Nita Lynn was born Juanita Earlynne Morris, and she was another child performer who grew up onstage. She is still with us, as far as I know, and hillbilly-music.com has a pretty in-depth writeup on her that they did with her assistance. She played with lots of folks then and later, including Paul Howard. She may or may not have been in his band for this recording, but here he is in 1947, with a cover of a Hank Williams song that was recorded by Hank the same year.
Paul Howard and his Cotton Pickers: Rootie Tootie

Listen to Hank Williams' version here


Bonnie, Bea and Buster, the Puffenbarger Kids, were born in the hills of West Virginia. Later moved to the Shenendoah Valley of Virginia. Started in radio about nine years ago in Harrisonburg, Va. They joined the Old Dominion Barn Dance in 1947. Bea and Buster both play accordion and Bonnie plays bass fiddle. Bea is also the organist for the Little Church Across the Way program.
I found some info on this band from a couple of obituaries (below), and Facebook.

"Buster" was Charles, and his sisters were Helen "Bea", Bonnie and Joan – so it looks like they later added one more sister to the band:
Charles E. "Buster" Puffenbarger - Died 2-16-2002 – Cancer. Born 6-17-1929 - Played accordion - He was one of the The Puffenbarger Kids who appeared on The Old Dominion Barn Dance variety show and a member of A Touch Of Class - Played alongside Chet Atkins, Mother Maybelle Carter and Grandpa Jones.

Stewart, Helen Elizabeth, 80, of Mt. Washington, died Wednesday, June 7, 2006. She was the former Helen Puffenbarger and began her country music career in the 1940's along with her siblings Bonnie, Buster and younger sister, Joan, under the Puffenbarger Kids) at radio station WSVA in Harrisonburg, VA. In 1948, the "Puffenbarger Kids" became members of the "Old Dominion Barn Dance" located in Richmond, VA. In 1949, the "Puffenbarger Kids" were invited to join the "Mid-Day Merry-Go-Round" on station WNOX in Knoxville, TN. Later that year, Helen was asked by Mother Maybelle Carter to join the Carter Family band as a regular on WSM's "Grand Ole Opry."
Helen's son left a comment on John Carter Cash's page about his mother's time with the Carter Family band, and how she had lived with June Carter for two years.

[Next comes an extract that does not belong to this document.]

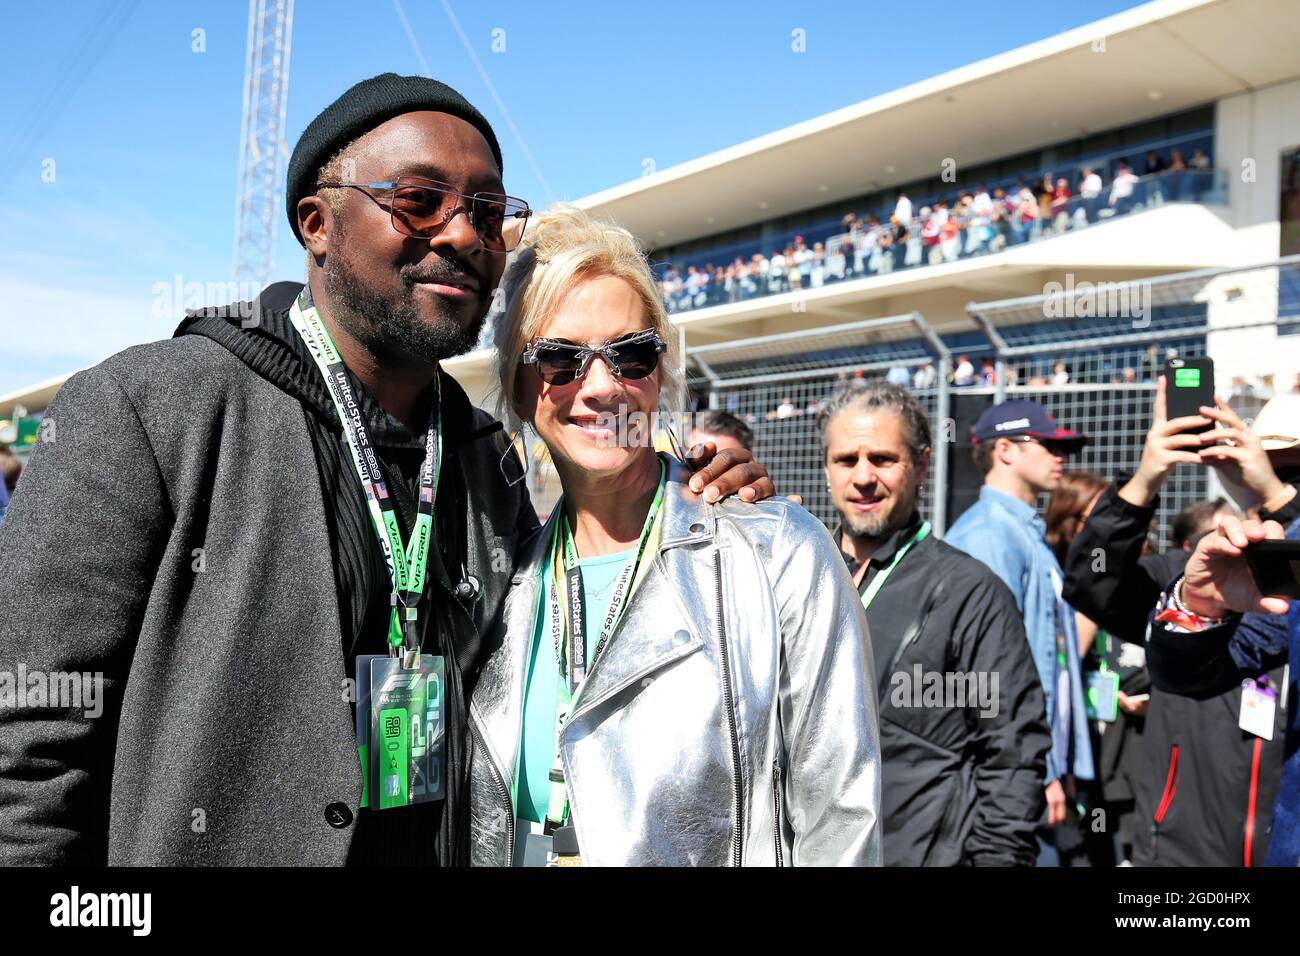 will.i.am on the grid. United States Grand Prix, Sunday 3rd November 2019. Circuit of the Americas, Austin, Texas, USA. Stock Photo

There's a lot more, if you want to look up the junior Cash, it's all there.

Going to finish up this 3-part series with a Chet Atkins. I don't have his WRVA press photo, but I saw it in the Old Dominion video posted in part 1, where he was called "Chester Atkins." This is a tune off his first album, released in 1953, called Black Mountain Rag:

It's hard to just say a few sentences about Chet Atkins, so I will leave it there and let the guitar do the talking.

5 comments:

Debra She Who Seeks said...

Are you intending to write a book or article using all this research? Or are you simply doing it all for the benefit of your blog readers? If so, thanks!

Blueberry said...

oh no... this is it. I just get curious about some things and wonder how they got started. Details, trivia, faded glory!

Dr. Monkey Von Monkerstein said...

Love.

lindley09 said...

Hey, I was just google-ing my grandfather one night and came across your page. My grandfather was Buster Puffenbarger, of "Bonnie, Bea, and Buster". If you ever want anymore information just let me know! Thanks for doing this, it made my families night to read all your info :)

Blueberry said...

lindley: That is very cool! I love these old press photos and glad I could put something together about them. The pictures are all hanging on my wall. Thanks for stopping by!